What you have to do: Write the listing out again word for word, leaving each picture behind.

Information supplied:
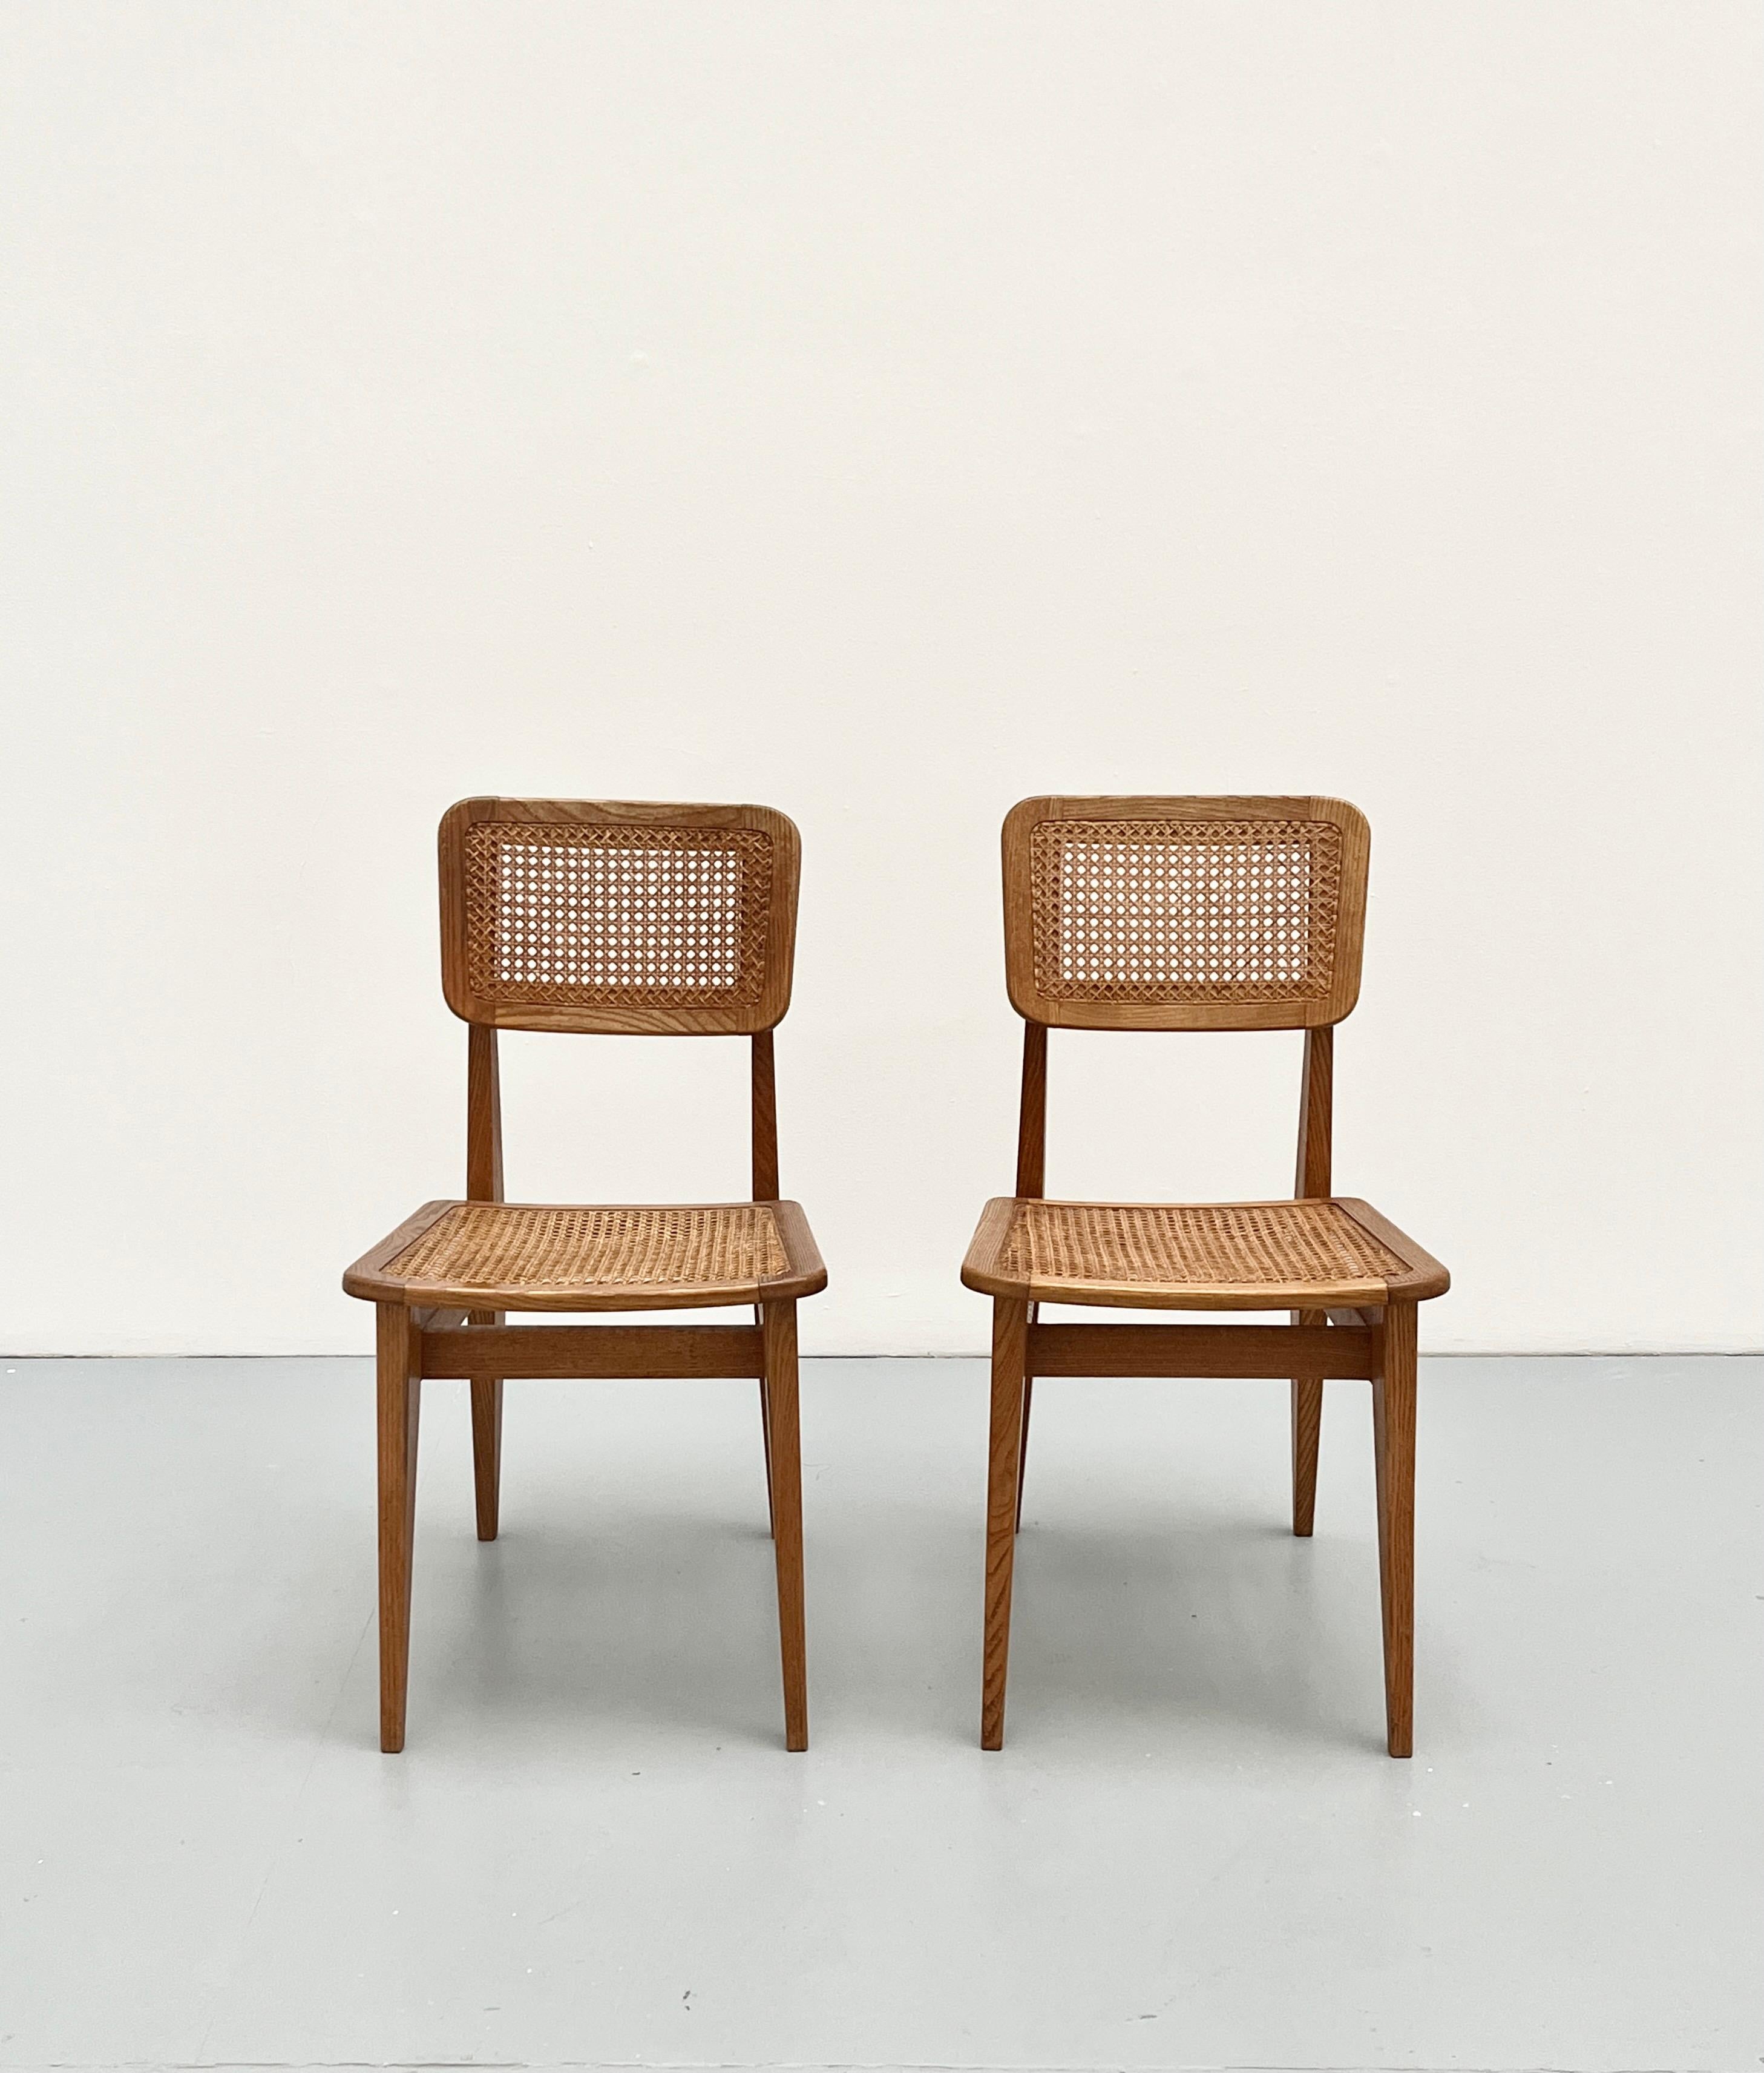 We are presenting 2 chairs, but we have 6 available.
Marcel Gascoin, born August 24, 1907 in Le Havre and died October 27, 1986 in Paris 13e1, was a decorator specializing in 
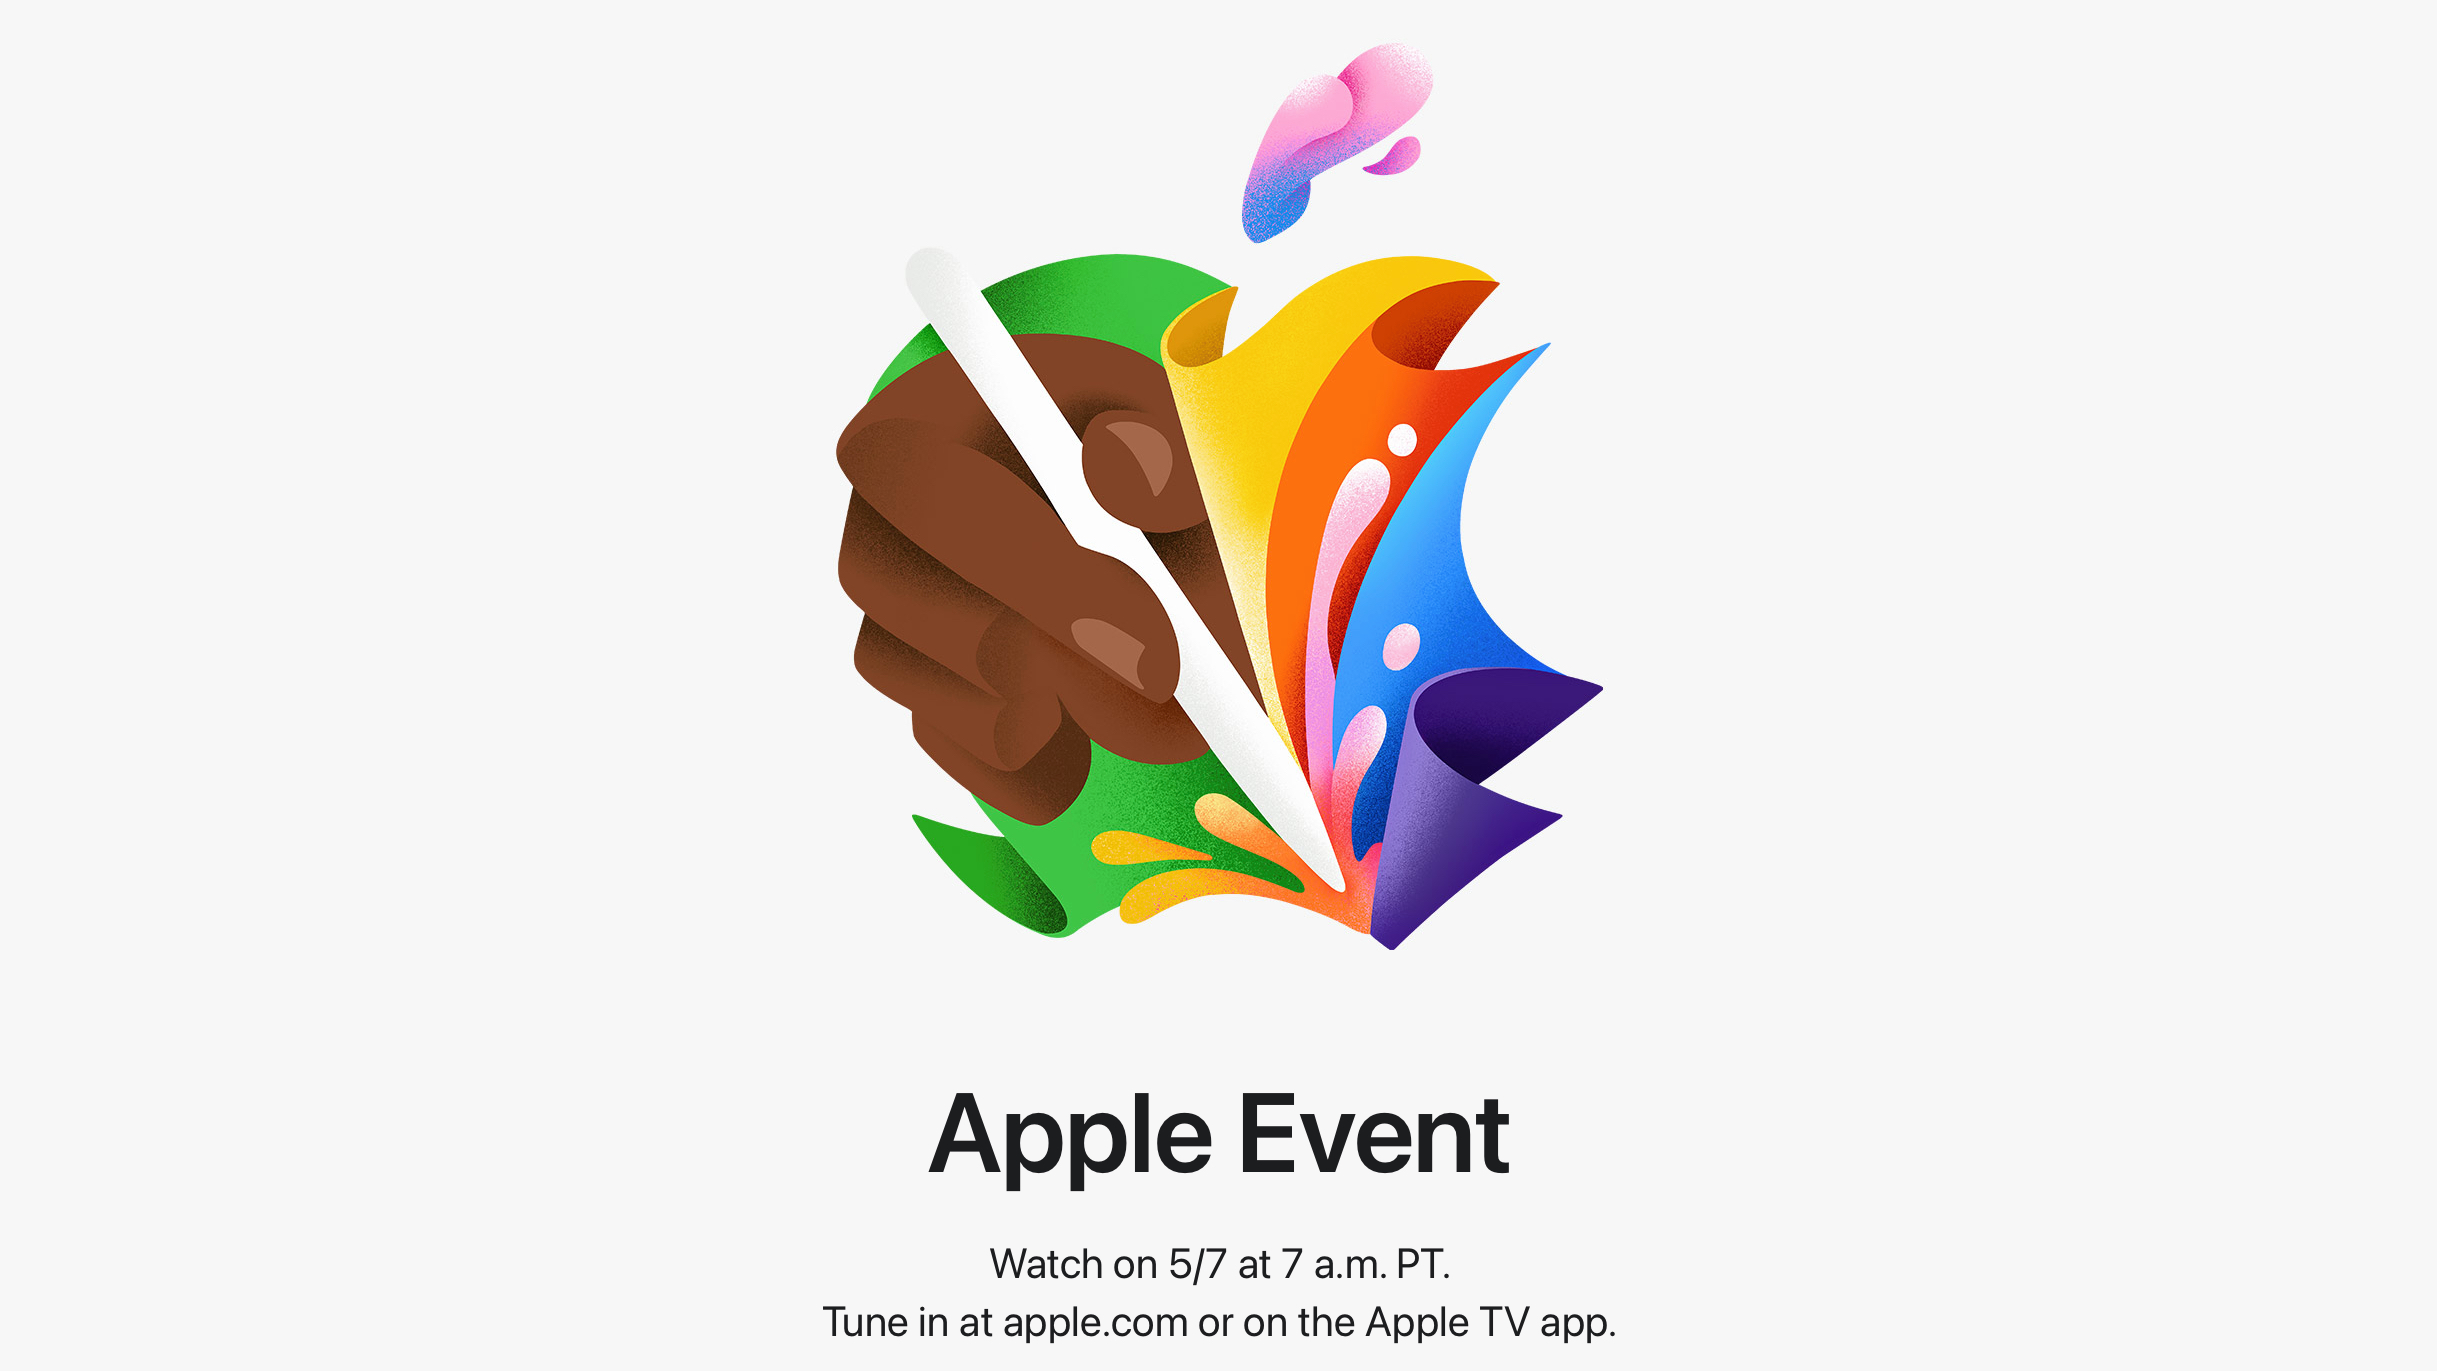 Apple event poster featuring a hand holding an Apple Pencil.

Response to this exercise:
 We are presenting 2 chairs, but we have 6 available.
Marcel Gascoin, born August 24, 1907 in Le Havre and died October 27, 1986 in Paris 13e1, was a decorator specializing in 
 Apple event poster featuring a hand holding an Apple Pencil.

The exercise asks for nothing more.